Sex

They Are Coming for Your Birth Control: There Was No Sex Outside of Marriage Until 1972

Did you know premarital sex didn't exist until a mere 40 years ago? Yeah, neither did we...

bride and groom on bed via Shutterstock
Did you know premarital sex didn't exist until a mere 40 years ago? Yeah, neither did we... bride and groom on bed via Shutterstock
Think that anti-choice politicians and activists aren’t trying to outlaw contraception? Think again. Follow along in an ongoing series that proves beyond a doubt that they really are coming for your birth control.
 

A lot has changed since 1972. An African American has been elected President of the United States. Computers fit into the palm of your hand. And people have started having sex, even though they aren’t married.

No, really, that’s a new thing, and totally within the last four decades. Or so claims Family Research Council fellow Pat Fagan, who eloquently explained his belief that contraception for single people should be outlawed since those who have sex outside of marriage should be punished for their actions. Right Wing Watch has the transcript:

The court decided that single people have the right to contraceptives. What’s that got to do with marriage? Everything, because what the Supreme Court essentially said is single people have the right to engage in sexual intercourse. Well, societies have always forbidden that, there were laws against it. Now sure, single people are inclined to push the fences and jump over them, particularly if they are in love with each other and going onto marriage, but they always knew they were doing wrong. In this case the Supreme Court said, take those fences away they can do whatever they like, and they didn’t address at all what status children had, what status the commons had, by commons I mean the rest of the United States, have they got any standing in this case? They just said no, singles have the right to contraceptives we mean singles have the right to have sex outside of marriage.

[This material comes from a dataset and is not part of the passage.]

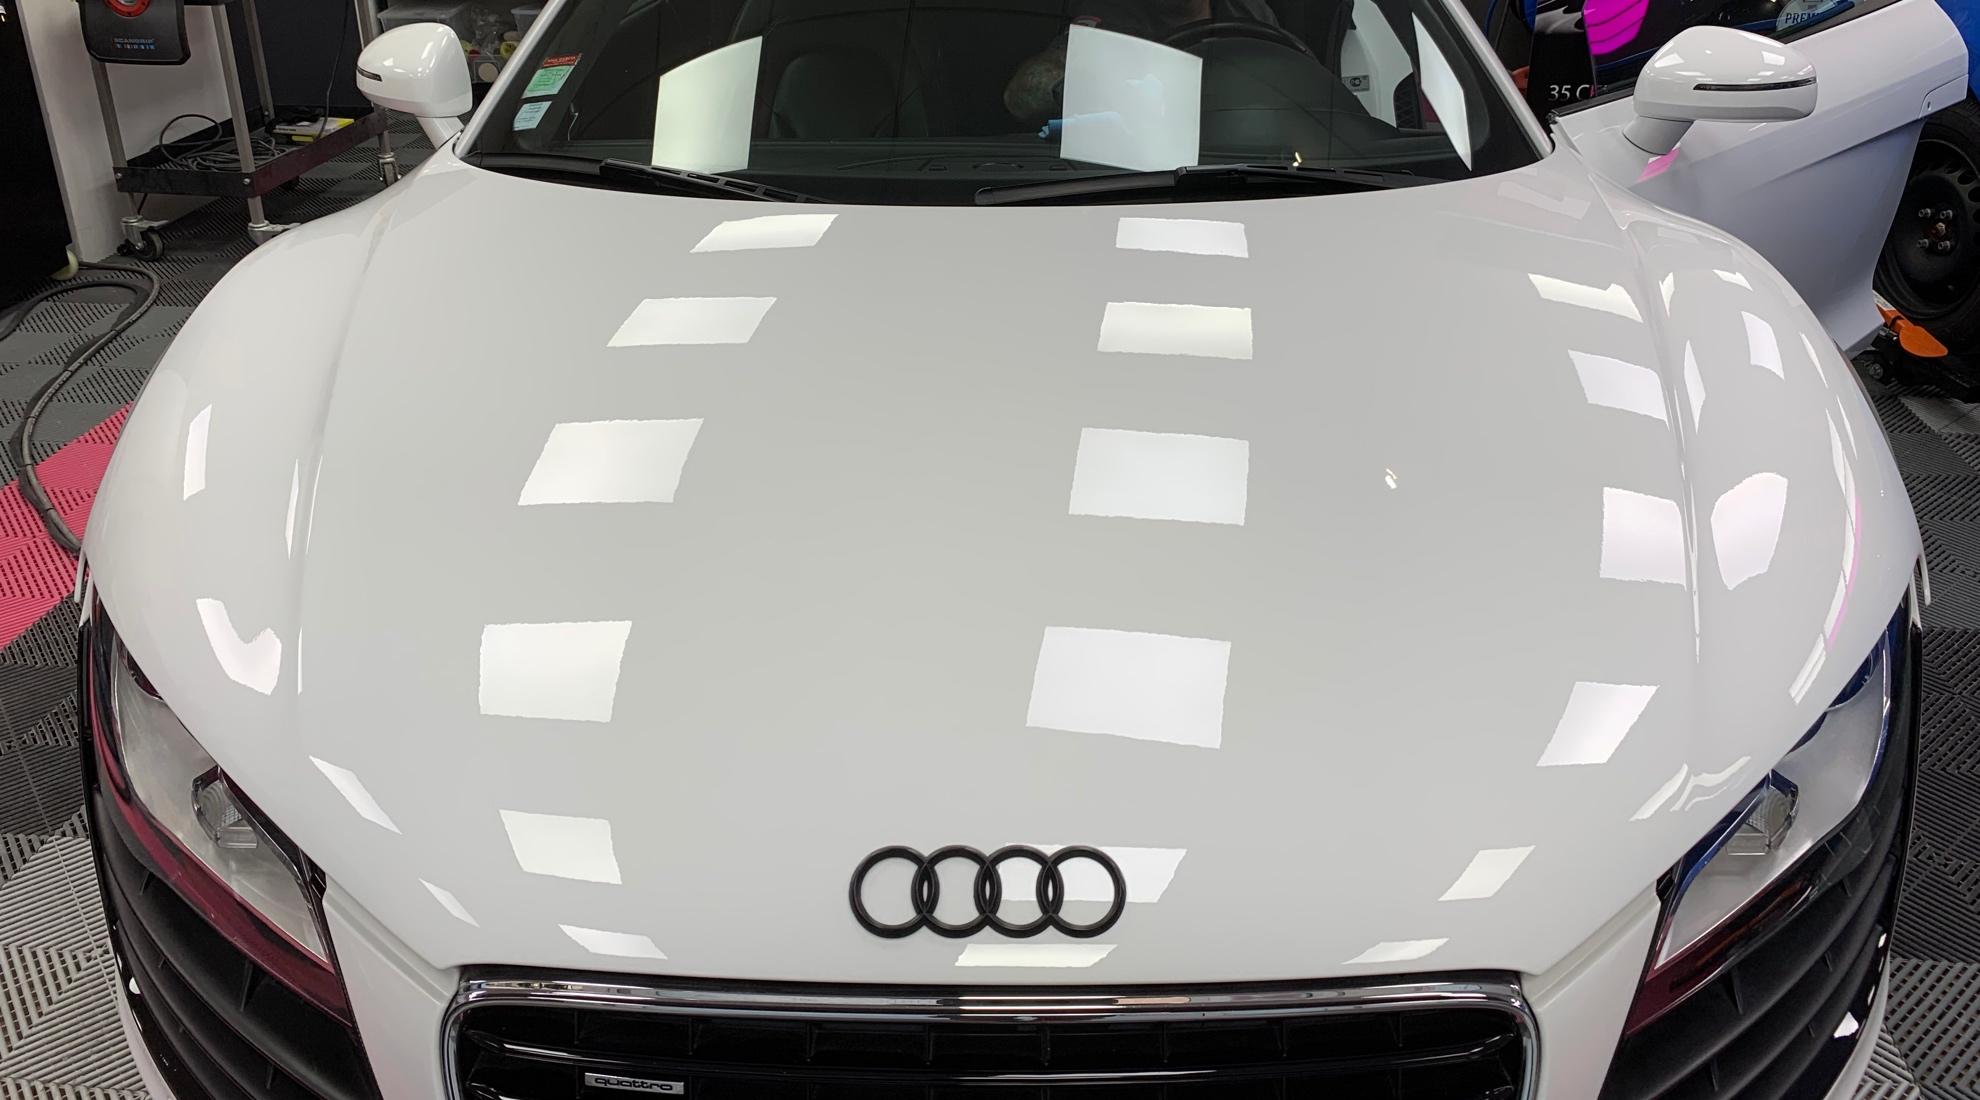 Audi_R8_blanc_polissage-carrosserie_face_avant

Brushing aside millennia, thousands and thousands of years of wisdom, tradition, culture and setting in motion what we have.

It’s not the contraception, everybody thinks it’s about contraception, but what this court case said was young people have the right to engage in sex outside of marriage. Society never gave young people that right, functioning societies don’t do that, they stop it, they punish it, they corral people, they shame people, they do whatever. The institution for the expression of sexuality is marriage and all societies always shepherded young people there, what the Supreme Court said was forget that shepherding, you can’t block that, that’s not to be done.

Ah, they “shame” people, right? And that’s exactly what is behind the mindset of those who are coming to take away birth control. After all, contraception allows couples … no, let’s be frank, allows unmarried women and girls … the ability to have sex privately without becoming pregnant. That’s the part that upsets the anti-choice activists so very much. A pregnant teen is a teen that has to publicly show that she engaged in sex, and allow everyone to see the consequences of her actions. The only way to hide that “shame” is to marry, which instantly changes her guilty action into an acceptable one, since sexual intercourse once married is allowed.

Of course, this isn’t an argument that remains outside of the marital bed. Once inside, contraception has the same “hiding” aspect, allowing a wife to potentially hide infidelity.

So does Fagan really want to jail people who have sex outside of marriage? Actually, it wouldn’t be too surprising if he did. Just this February 25 members of the Virginia House voted to keep on the books a law that would continue to consider cohabitation and sex outside of marriage “a misdemeanor punishable by a fine of $500 for the first offense; and by up to a year in jail, a fine of up to $2,500, or both, for a second offense.” They were a small minority of the vote, but a distinct reminder that there are a number of people still willing to throw a person in prison just to “protect” the institution of sex only inside a heterosexual marriage.

Hold on to your IUDs, pills, condoms and foams, because they are definitely coming for your birth control, and they’ll jail you if that’s really what it takes to end out-of-wedlock intercourse.